Best known for her continuing Nocturnal series of Young Adult vampire novels (Nocturnal Blood, Nocturnal Farm and Nocturnal Salvation, with a fourth installment on the way), Icelandic horror author Villimey Mist delves dauntlessly into that same blackened nightscape of her remote native isle with St. Rooster Books' release of As The Night Devours Us, a feverishly fearsome fifteen-story compendium of some of the finest terror fare in recent literary memory.

'A Mother's Job,' the volume's introductory tale, sets the tome's tone when a woman seeking to protect her daughter during a zombie apocalypse performs the grimmest of maternal duties. The Icelandic reverence for nature comes into conflict with a group of disrespectful American travelers at 'The Moss Covered Volcano', just as a father's deranged actions initiated in the name of his daughter infuses 'Hope' with harrowing, heart-wrenching power. A young woman disturbed by dolls finds her fears justified in unexpected ways when searching for a missing friend in 'The Doll Museum', while the frenetic action of 'Split' serves as a pulse-pounding escape into the treacherous world of espionage.

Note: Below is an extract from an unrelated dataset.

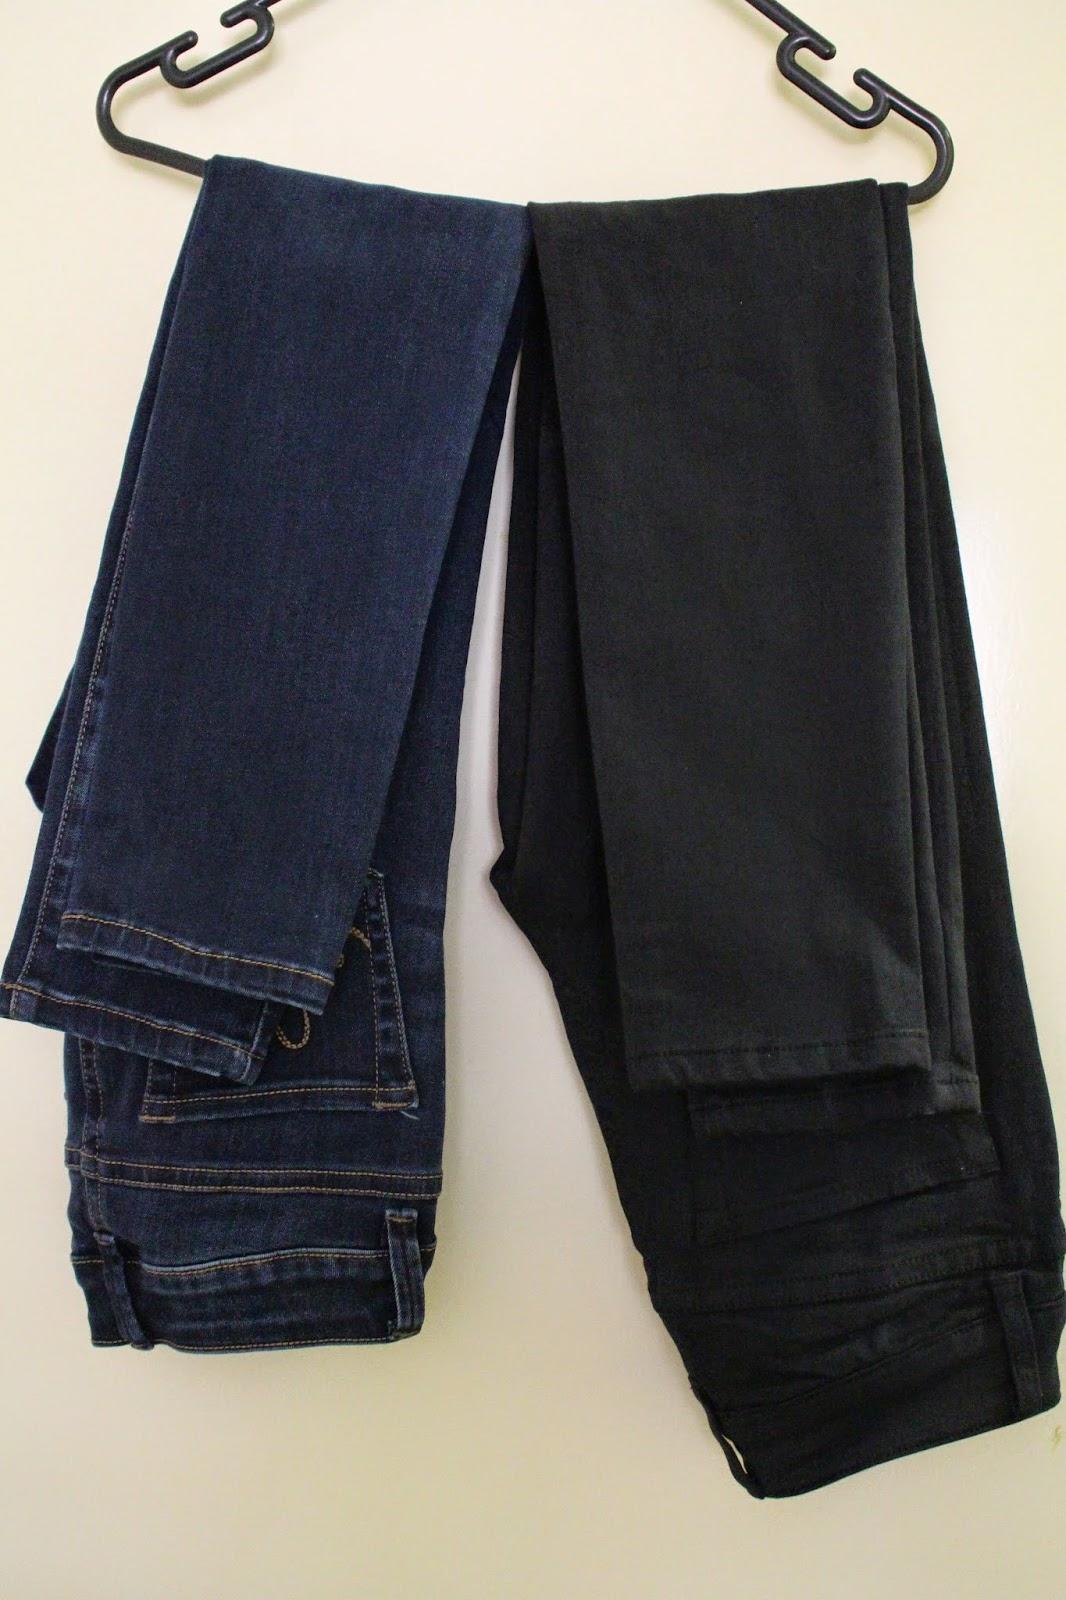 autumn fashion haul, fall fashion haul, jeans, high waisted jeans

The volume's second half unfolds with 'Skötumóðir', an unusually effective written experiment within the 'found footage' film subgenre that's only one of Mist's many chronicles to explore Iceland's rich folklore. Similarly, the country's fabled Christmastime menace, the Yule Cat, viciously proves to a group of self-centered youths that 'Receiving Is Better Than Giving'. Unforeseen consequences align against a young musician who enlists the aid of a friend to bury the body of a vagrant he accidentally killed in 'Shed The Night's Skin', while the Japan-set 'Kokkuri-san' utilizes Shinto beliefs to realize the retribution sought by a bullied teenager. And a woman battling a demon must prepare the grisliest of haute cuisine to save her children in the tense 'What The Chef Recommends'.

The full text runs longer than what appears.